Shapeshifter from PHB2 - Lose companion & wildshape, gain weaker but unlimited uses/day shapeshifting

Swift Hunter from UA - Lose wildshape, gain ranger/monk abilities.

Druidic Avenger - Lose companion, gain Rage like barbarian


----------



## Drowbane (Nov 18, 2007)

QuaziquestGM said:
			
		

> Refresh my memory...was Master of Radiance in Ghostwalk or Liberus Mortus?




Libris Mortis


----------



## Elemmakil (Nov 18, 2007)

I've heard that the Moonwalker (RoE, I think) is very good, although you must be a shifter.  You lose four levels of wildshaping (but maintain full spellcasting and, I think, animal companion progression), but get a lot of useful abilities while shifting, along with several spells: invisibility, planar ally (all versions), gate, and probably some more that I'm forgetting.

It may not be as good as a straight druid, but it's still very viable, and is definitely a better summoner.

You can find an old, but only somewhat outdated, optimized druid guide here.  I believe that the wildshape nerf errata was never fully incorporated into this.  I'm also not sure how up-to-date the list of monsters is, either.


----------



## eamon (Nov 21, 2007)

Shapeshift does have one advantage over wildshape, namely that it's a swift action.  Further, the power of shapeshift isn't really very low - if you have a high Str anyhow.  It's seriously underpowered (relative to wild shape) if a DM allows Wilding clasps and Wild Armor only for wild shape (and not shapeshift), though.

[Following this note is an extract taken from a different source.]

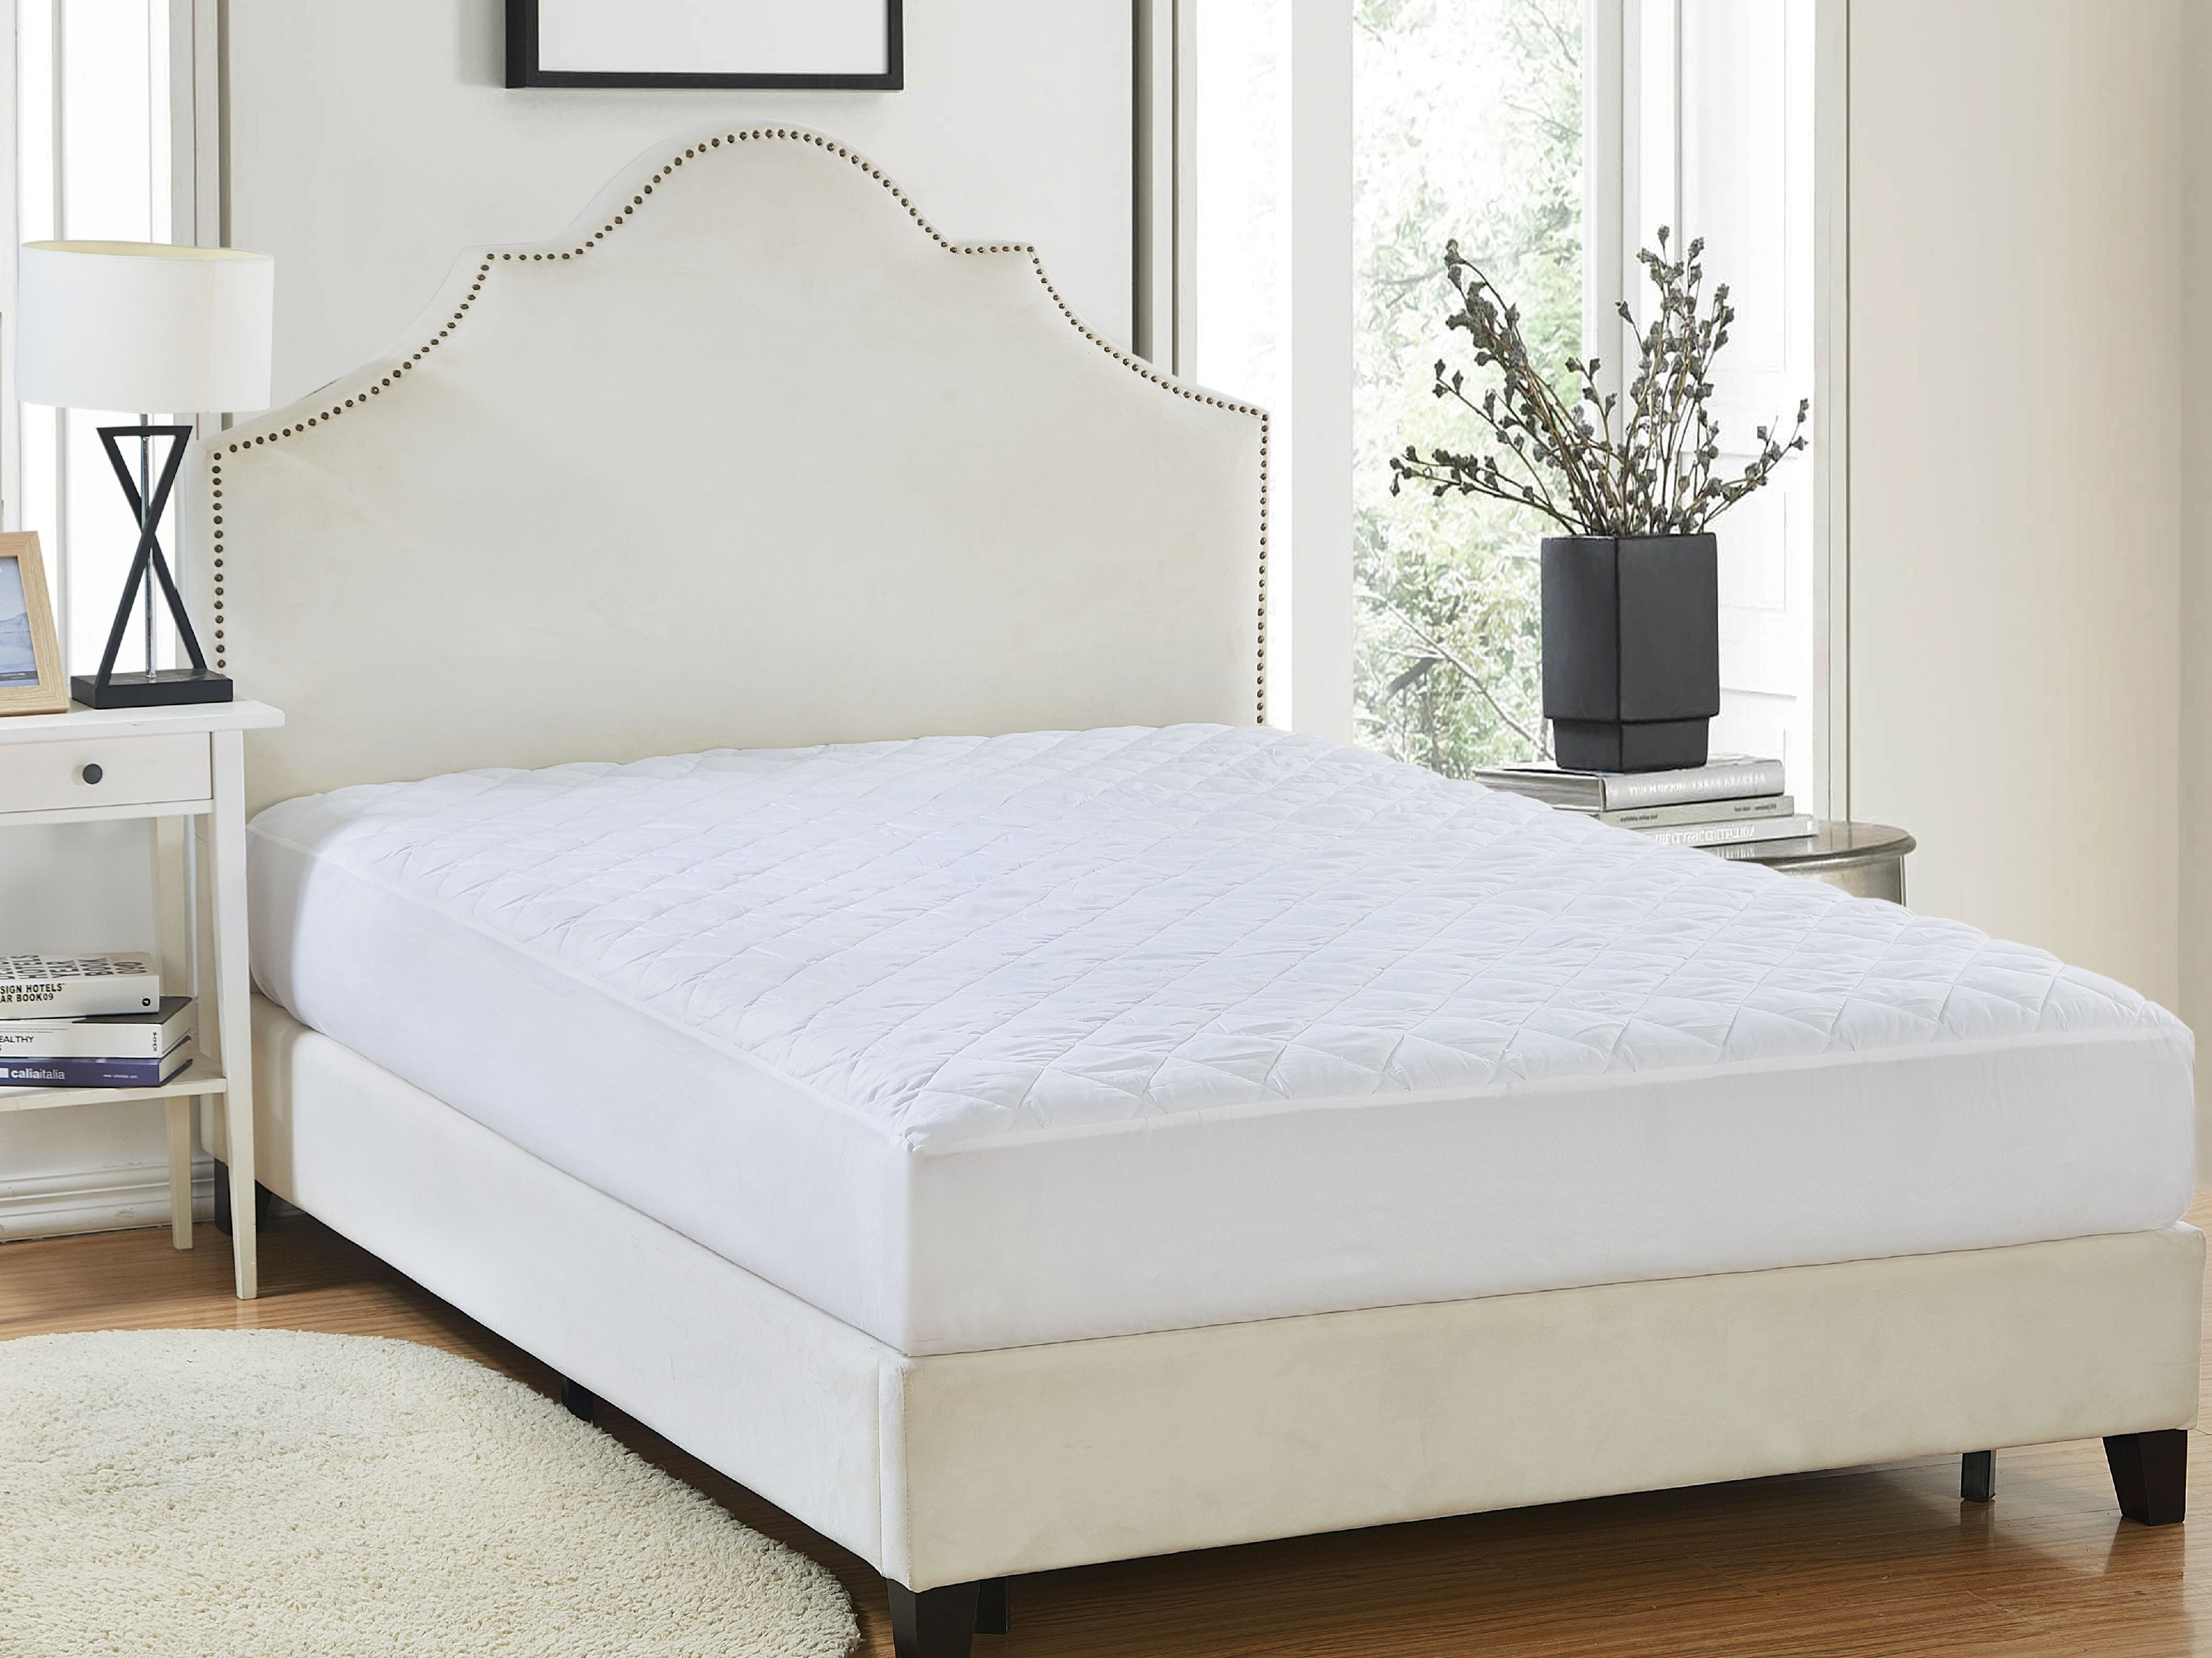 mattress covers for queen size bed

The biggest disadvantage you'll have is that natural spell doesn't work (which isn't as bad as it looks due to the swift action shifting time), and you lose flexibility (no aquatic form, for instance).  In any case, I've banned wild shape, (allowing a shapeshift-derived wild-shape for those who want to use an animal companion), and people still pick druids happily and certainly aren't underpowered relative to the other players.


----------